Hey everyone, normally i come here to post shot's of my monster fish but thought i'd share a few shot's of my "little monster" tank lol. Took a few shot's of my african tank for another site, thought i'd share it here as well

here's my 160 Mixed Mbuna tank,


----------



## Aquaman (Apr 21, 2010)

LMAO ..Nice Head board .. 
Nice set up too . Looks like you have a ton of hiding places for them. Is it open at the back as well ? Looks like a great breeding tank. Thanks for putting the picks up of the little fish as well .


----------



## Adz1 (Apr 21, 2010)

that is one kick butt rock wall.
very nice mbuna set up..
thanks for sharing.


----------



## Diztrbd1 (Apr 21, 2010)

Does make a rather nice headboard. That wall is pretty cool and it does appear to be centered, maybe not , cant tell lol. Very nice setup! thanks for sharing


----------



## clintgv (May 6, 2010)

That's a huge mbuna tank ^^. And alot of rocks as well hehe ^^. Nice selection of fish you got going on there .


----------



## -DC- (Apr 21, 2010)

Thank's, ya it's my bedroom and ya it makes a pretty sweet headboard I started with a 30 gallon on the night stand, then thought how can I make this bigger&#8230; gives the room a nice glow at night, and has built in black light/moon light's.

And yes it is open on the back, there's roughly 3-4" from the rock to the front glass, in the back it's only about 2" from the glass.

There are ALOT of fish in that tank, but so much rock work that in the morning you can turn on the lights and have trouble seeing more then 2-3! Here are a few shot's of the tenant's.








































This guy's not a Mbuna, but he's a tough little vic who lives with them









































Ok, I think that's enough lol


----------



## eternity302 (Apr 22, 2010)

WOW! Now that's sweet!

HAHAHA! I hafta get this outta my system! HAHAHA, but way to lure a girl onto the bed just to check out your fish tank! HAHAAHA!!


----------



## onefishtwofish (Apr 21, 2010)

one thing i noticed about my africans....when one couple is breeding the others all cram to the far end and all face away to give the couple some privacy..............i was wondering. do they give you the same courtesy?


----------



## redsnapper (May 12, 2010)

onefishtwofish said:


> one thing i noticed about my africans....when one couple is breeding the others all cram to the far end and all face away to give the couple some privacy..............i was wondering. do they give you the same courtesy?

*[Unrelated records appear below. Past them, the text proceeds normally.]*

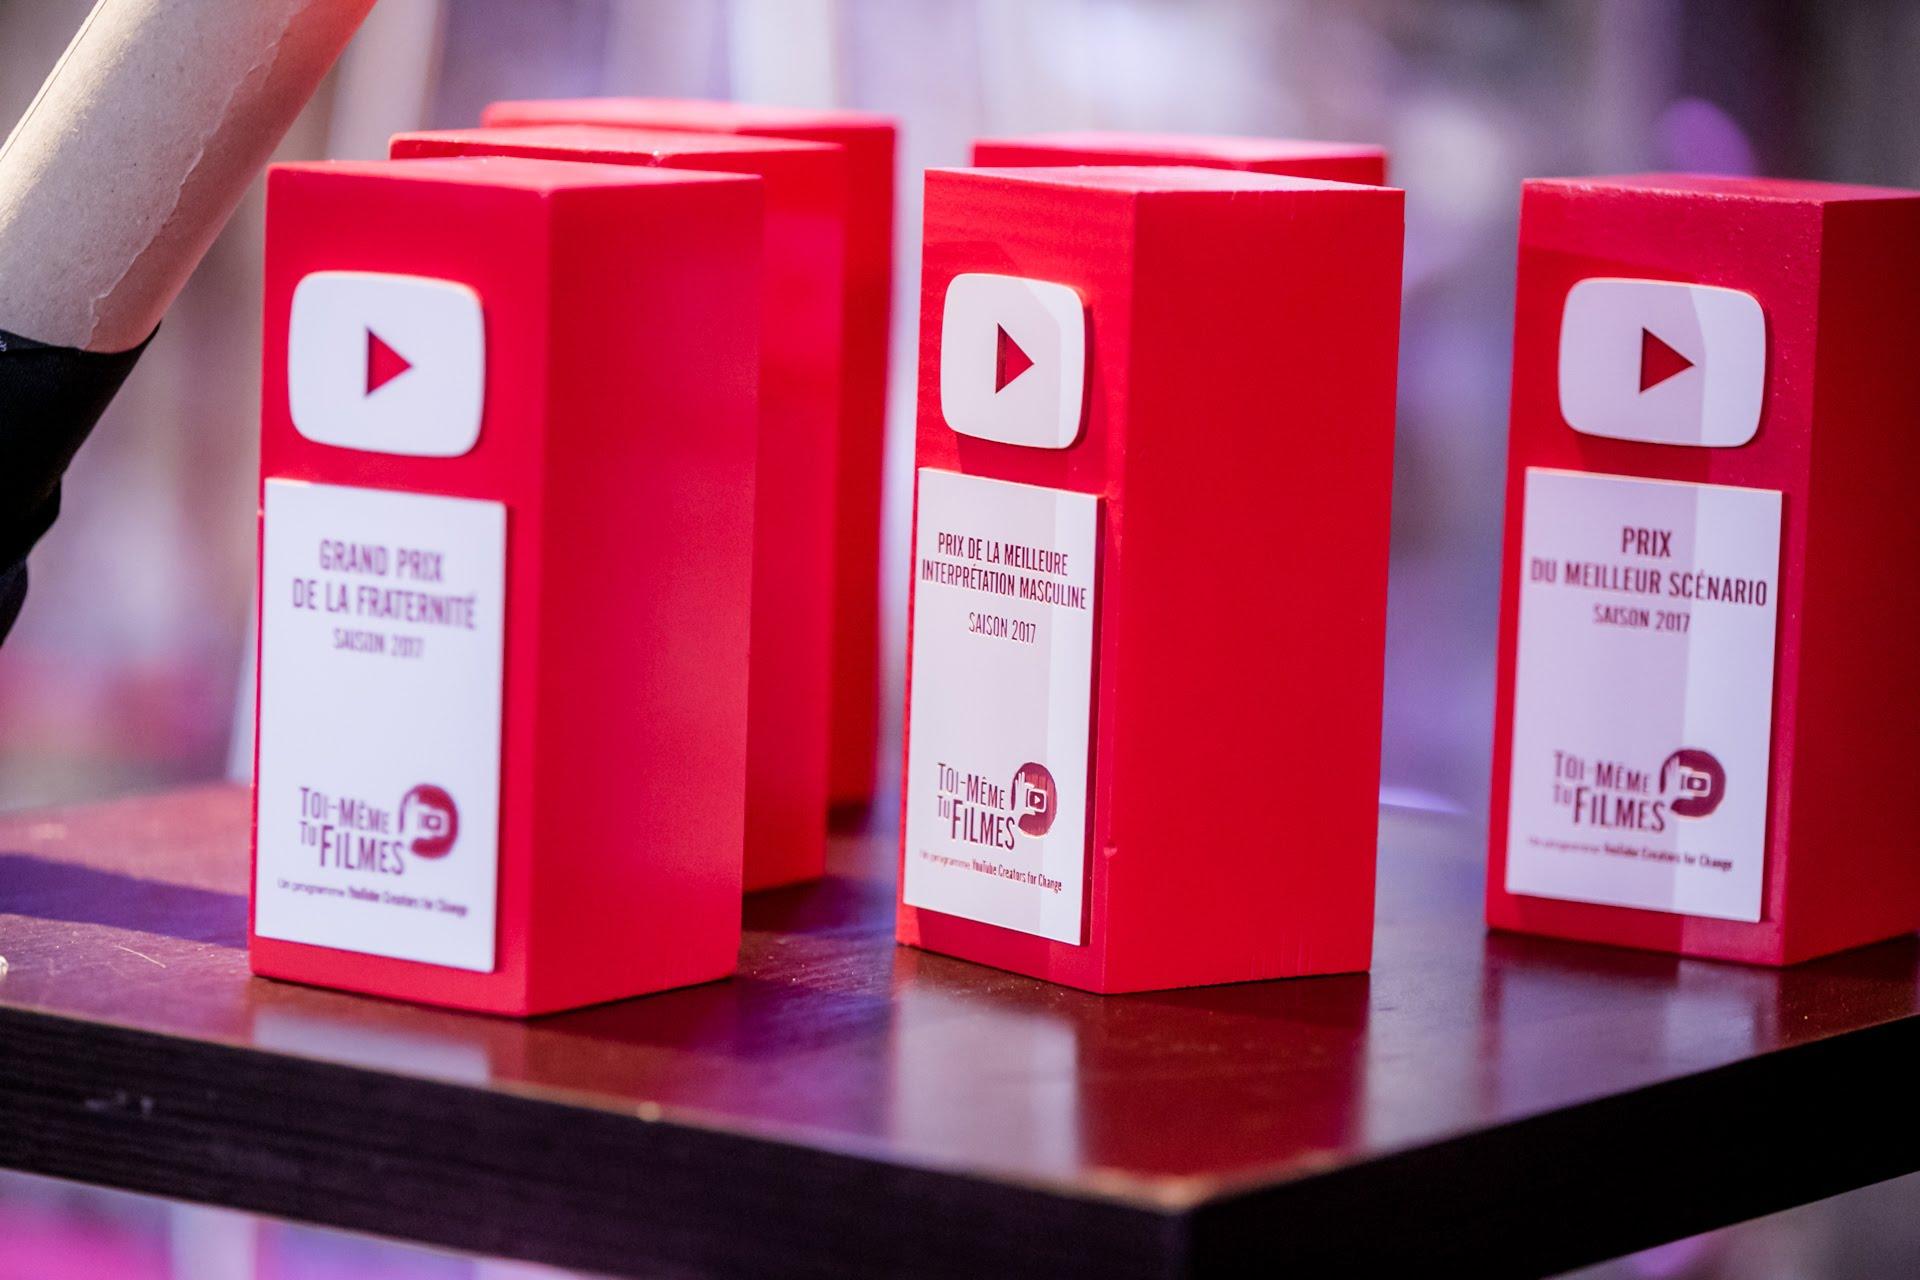 """Trophées Youtube pour l'évènement """"Toi-même tu filmes"""" - saison 2017"""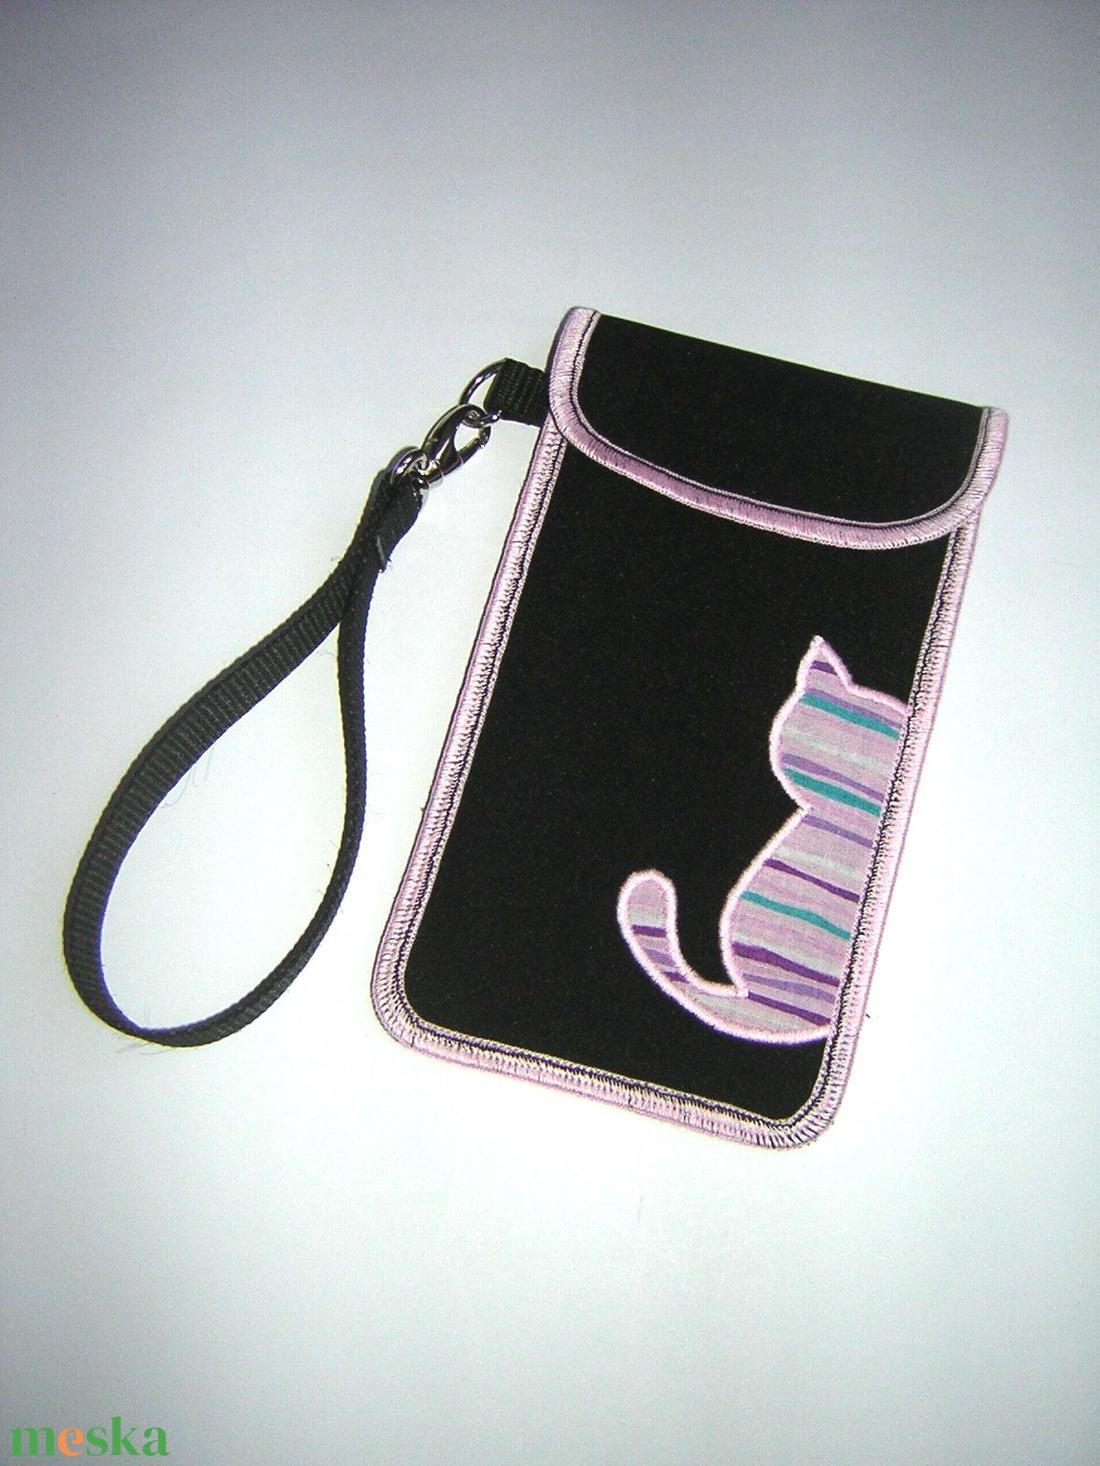 Rendelhető mobiltok kis csuklótáska plus-os méretű okostelefonhoz XL-es telefon tartó cicás tok - táska & tok - pénztárca & más tok - telefontok - Meska.hu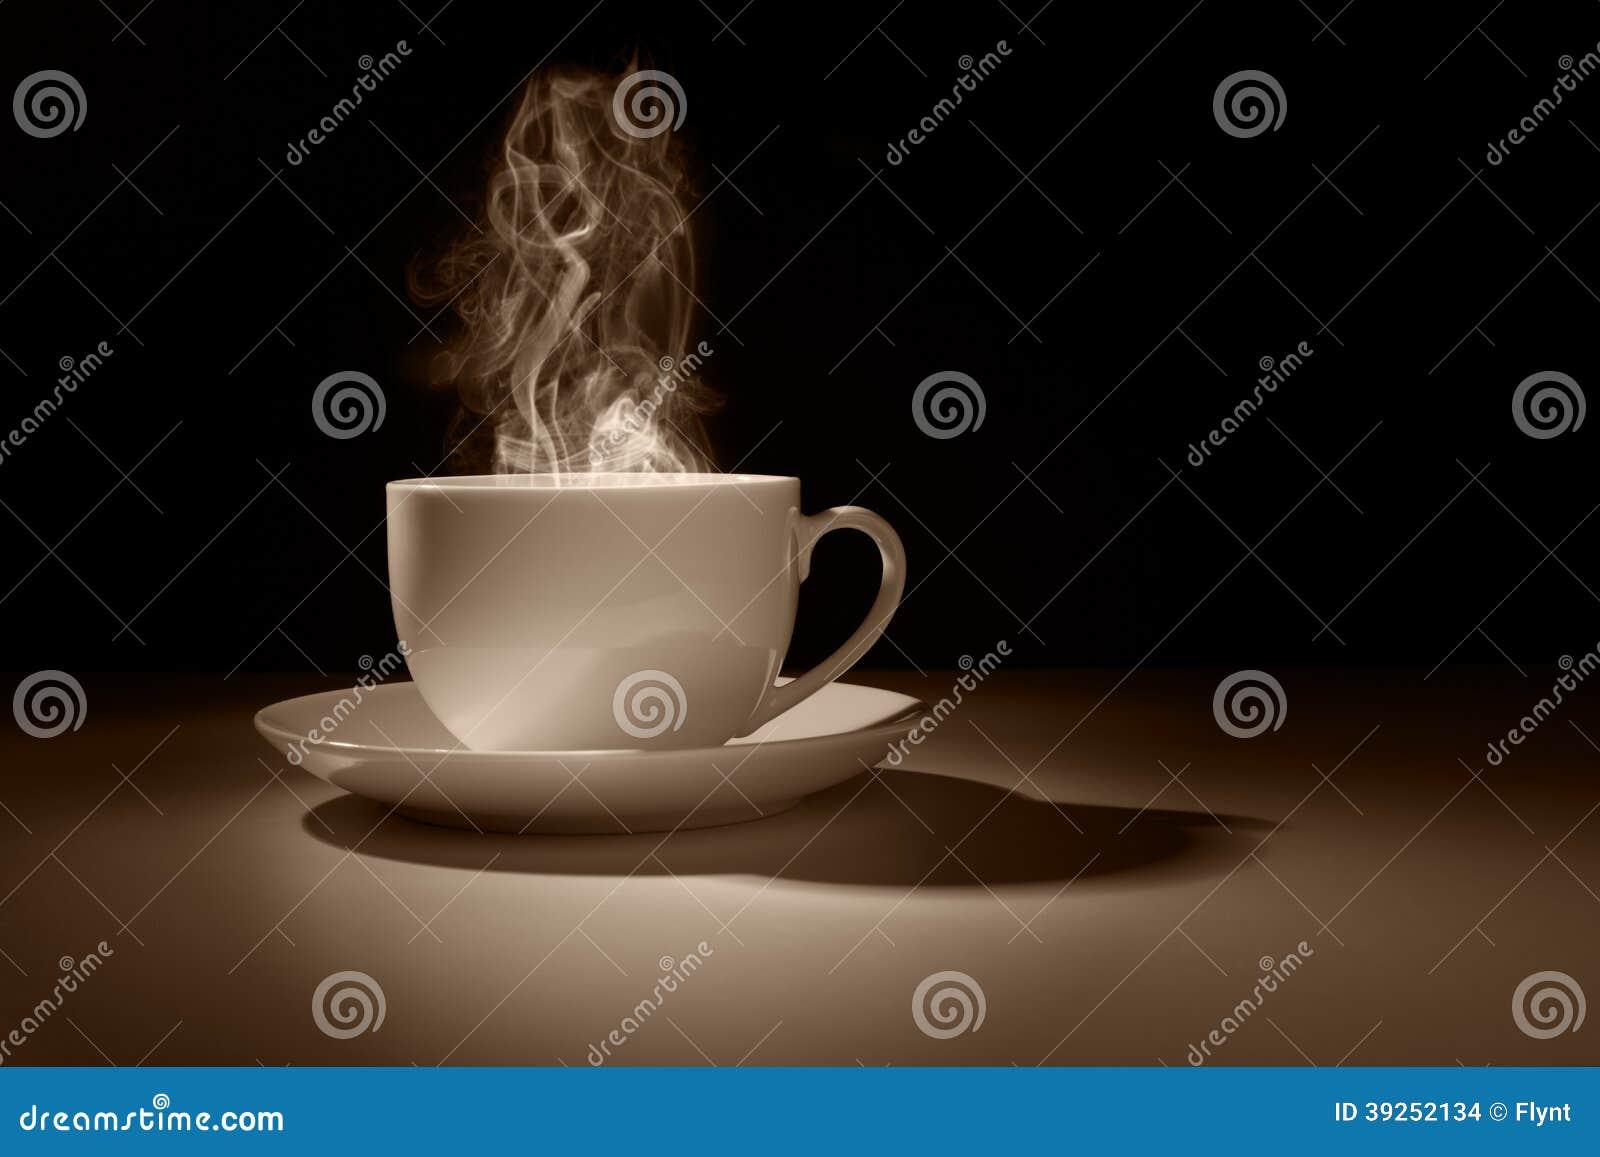 Горячие чашка кофе или чай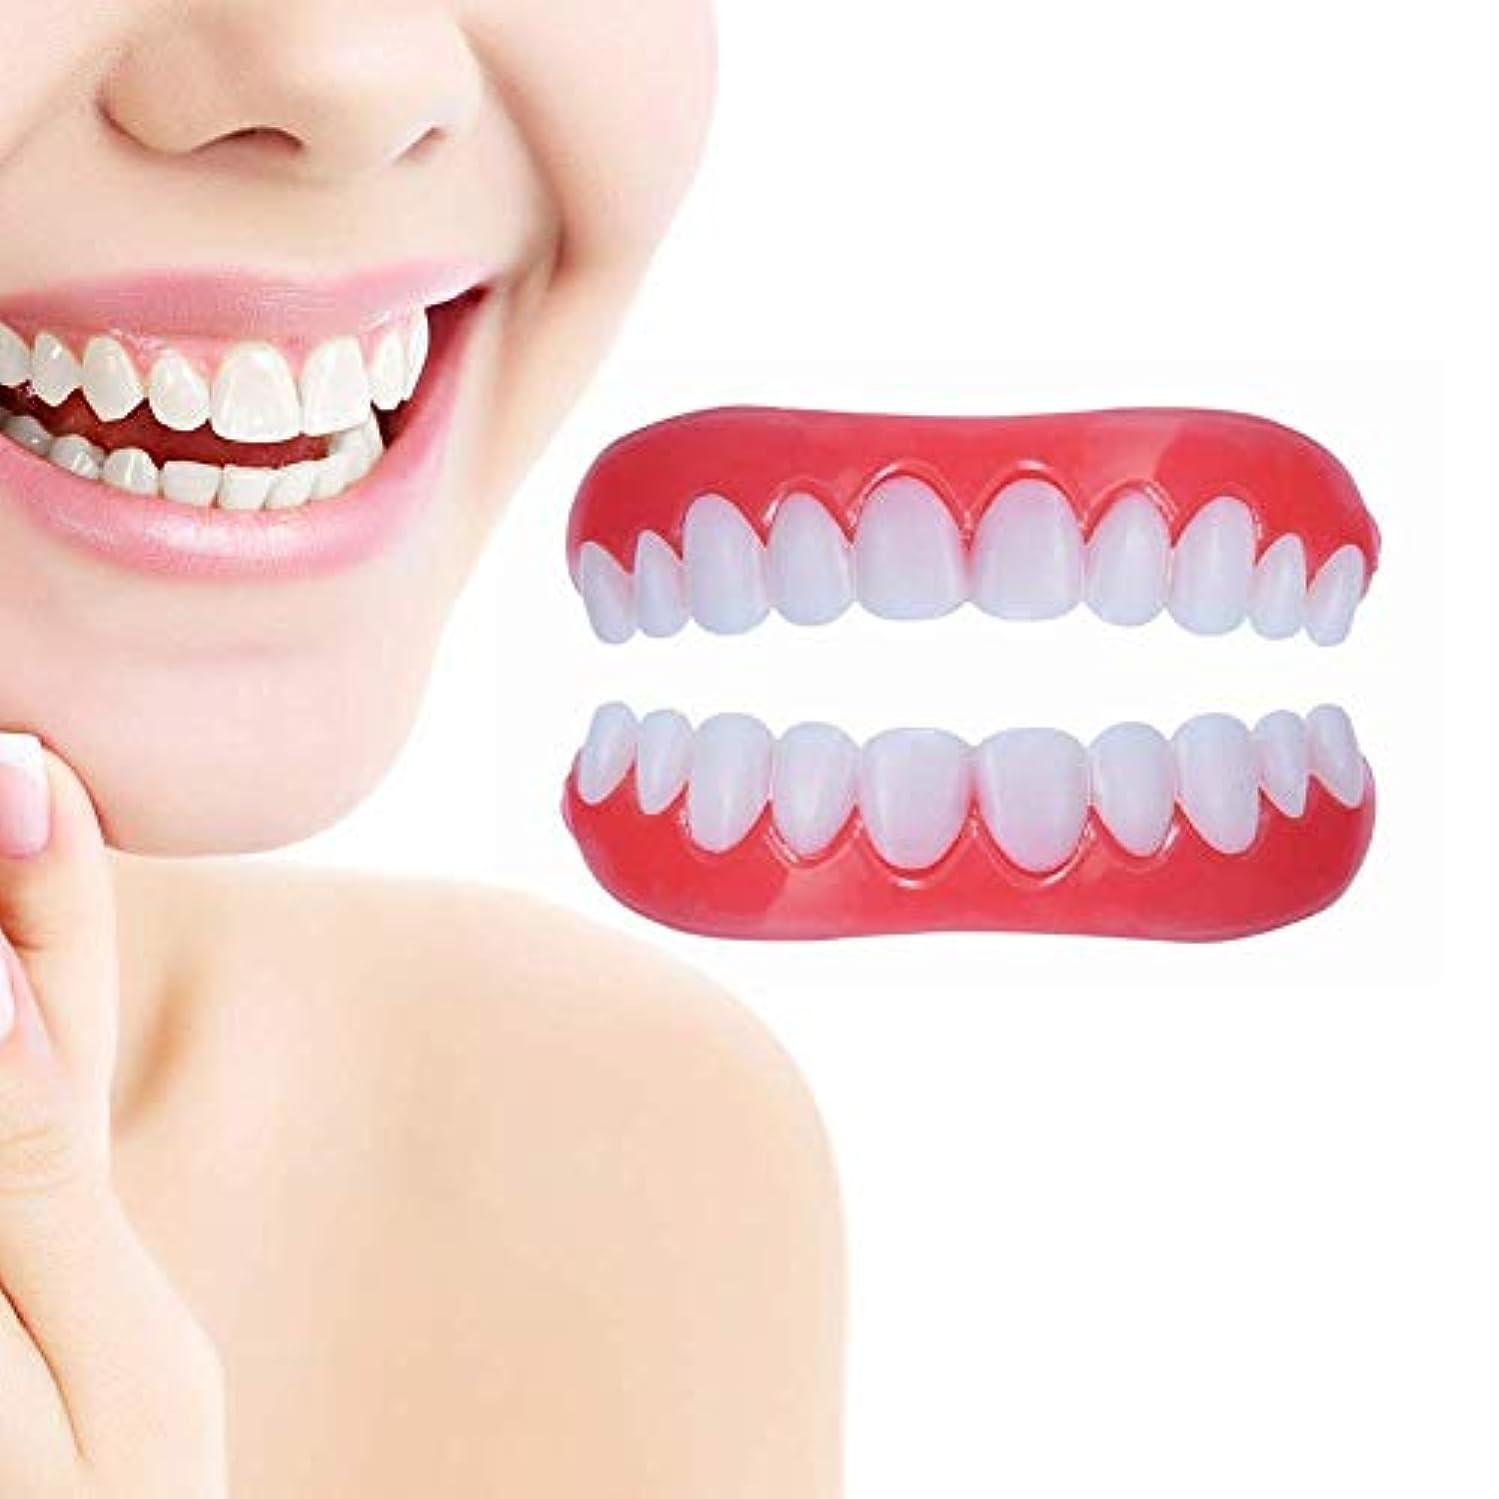 渦ファブリックどういたしまして仮装用義歯義歯用化粧品シミュレートされたブレース上部ブレース+下部ブレース、ホワイトニング歯スナップキャップ,5pairs

may be like monkey's ( Fishies see, Fishies do )


----------



## AfricanCichlids (Sep 13, 2010)

-DC- said:


> There are ALOT of fish in that tank, but so much rock work that in the morning you can turn on the lights and have trouble seeing more then 2-3!


Light must be on a lot, cause I see algea....So you must not see the fish often  Some nice variety of fish tho. nice


----------



## target (Apr 21, 2010)

Looks really good. Love the headboard idea.


----------



## ngo911 (May 19, 2010)

Sweet rock formations!


----------



## monkE (Aug 4, 2010)

very well done... the rock wall is awesome 

the fact that it's your headboard doubles the awesomeness 

thanks for posting!


----------



## -DC- (Apr 21, 2010)

Thank's everyone, and yes the rock's are covered in green alge,I know sound ridicules but i just couldn’t get algae to grow for the longest time, ended up taking a rock covered from a friends tank and put it into mine, now that it's caught on any upward facing surface is covered, the cichlid's love it, as soon as the lights come on they come out to forge and scrape off rock's, 

that light on it was originally for a coral tank, 8 bulbs in it, it's a hell of a light set for cichlid's but really brings the color out on them, and grows the algae like mad which is a bonus!


----------